I could not raise my kids alone. Neither could Nathan and I do it on our own. We lean on our tribe. We have our family, and our neighbors, our church, and our school, and we have their friends from these places plus soccer, dance, and gymnastics. We need people. The isolation and lockdown measures from the coronavirus stressed this need. Then the windstorm, when we huddle insice, waiting for it to be safe to venture out again, stressed this more.
The windstorm hit us last week, waking me early on Tuesday morning when a large branch thudded onto the back deck. It was 5:00 a.m. I knew the storm was coming. We prepared the night before by putting furniture, bikes, and toys inside of the patio and taking in plants from the porches. But then I wondered if I should have brought the deck chairs on the front porch in. All I had done was flip the footstools over and set them on top of the chairs, then push them against the house. So I decided to grab my robe and walk upstairs. The back porch motion light was on and I saw the mass of branches and leaves just outside the door, knowing that was likely what shook and thundered the house a bit when it crashed down. I went to the living room and sat on the couch, watching in awe and terror as the wind dangerously swayed the giant conifers across the street. The patio chairs, right in front of me on the other side of the window, didn’t move. They were fine. I went back to bed.
Two more loud thuds shook the house again and I grabbed the monitor to check on the kids. Gabbi was still asleep. Dom was sitting up in bed. I went in to talk to him.
“Was that an earthquake?” he asked. It was a valid question this year. Just the wind. At this point, I had woken up Nathan to investigate the source of the thud while I went to talk with Dom. He found outside that one massive branch had landed on the roof than blown over to drop down, partially on his car. The other massive branch was still sitting on the roof, directly over Gabbi’s bedroom. She continued sleeping.
“You can go sit in my bed,” I told Dom. He wouldn’t be able to go back to sleep now.
After the windstorm, neighbors checked on us and we on them. Some lost power down the street. At first, we were fine and I continued working through the day. That evening, our Xfinity service quit. It would be out for the next two days. We never lost power, but I had to scramble to find a way to connect and work without, what is now a necessity, internet. No neighbors had any serious damage done, which was no small miracle in itself. The closest was Trish’s home, up on the circle, where massive conifers landed across her front yard, landed right outside her front door. Her neighbor, Mike Sorenson, said the crash was incredibly loud when they fell and he looked over immediately after to see smoky dust rising up through and around the tree.
That Wednesday, the youth canceled their planned activity to play Fugitive, and met at Trish’s house at 3:00 p.m. Neighbors with chainsaws, pickups and trailers met up with them. They cleared the trees from her yard, then moved on, working through the neighborhood, clearing out the fallen trees, loading them onto the pickups and trailers, and dumping them in the church parking lot, which Bountiful designated as a spot for green waste. Dominic and I helped out for a time while Gabbi was at her dance class.
Those large branches that fell from our tree? Neighbors wielding chainsaws helped cut them up and drag them out to the curb where another neighbor took them down to the dump.
- Maeli and Sadie came over to help Dom and Gabbi with their online school assignments. When they finished, they played outside and cooked some sugar cookies with pumpkin shapes inside.
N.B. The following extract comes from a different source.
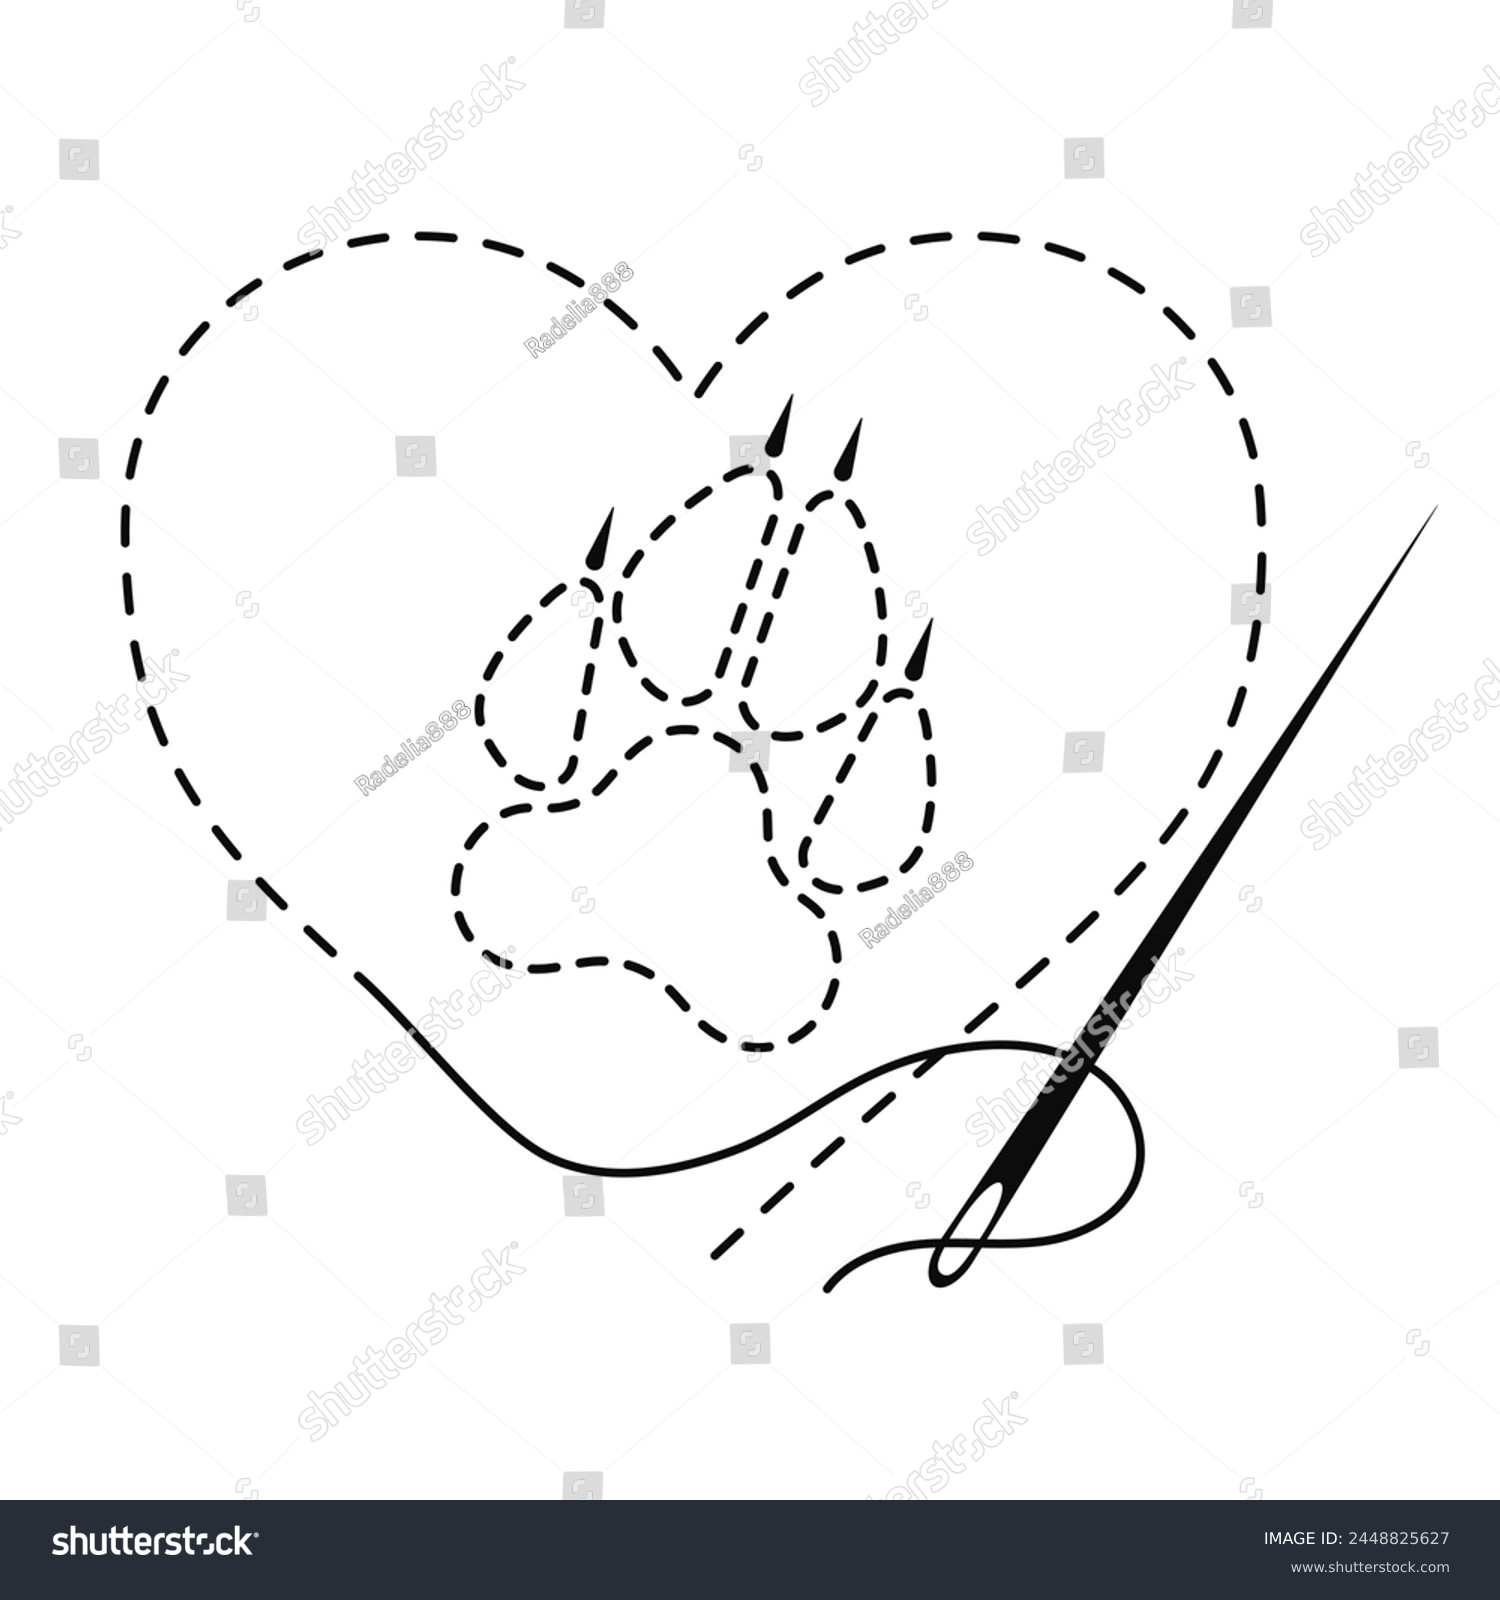 SVG of Silhouette of wolf paw and heart with interrupted contour. Vector illustration of handmade work with embroidery thread and sewing needle on white background.	 svg

Yesterday, they did an art project together: water colors on canvas with glow-in-the-dark glue details added.
- I flipped through some old pictures while I listened to the billing meeting for work (OpenVPN). The discussion was mostly between Yurii (Ukraine), Johan (Netherlands), Elfedy (Northern Cali), and Nineveh (Arizona).
- I finished reviewing comments from Johan about documentation on how to migrate OpenVPN Access Server on an AWS tiered image over to a BYOL image and use the new subscriptions. I had a number of corrections about clarifying which database architect mattered for updating and the difference between tiered pricing and fixed licenses. That all made total sense, right?
- I sent some emails to an editor with Flagstaff Publishing for an article for an upcoming issue of Utah Life Magazine. The article is on The Charleston Draper, which is a restaurant run out of the farm home that Grandma DeeDee lived in as a young woman. The timing of the article is comforting. Also, I learned that the Pioneer who built it, Joshua Terry, had two wives, the first a Shoshone Native American who disappeared on him with their two kids when he went on a hunting trip. After two years, he stopped waiting for her to come back and married a widow, Mary. They then moved to Draper and built them home. That’s when first wife found out and went to find him. She tried to get Mary killed by sending some men to do the job, one with a butcher knife, and a couple others to burn down the home. Mary fought off her knife attacker with boiling water and a poker. Joshua chased the arsonists away with his gun. He kept his first wife living in a nearby cabin because he wanted to have their children, George and Jane, around. He bought them Western clothes, but his first wife refused those and dressed them in Native American attire and added war paint. According to the stories…
And now, I am overdue to feed my children lunch! Enjoy this pic of friends in my tribe: me, Jamie, Beth, Anna.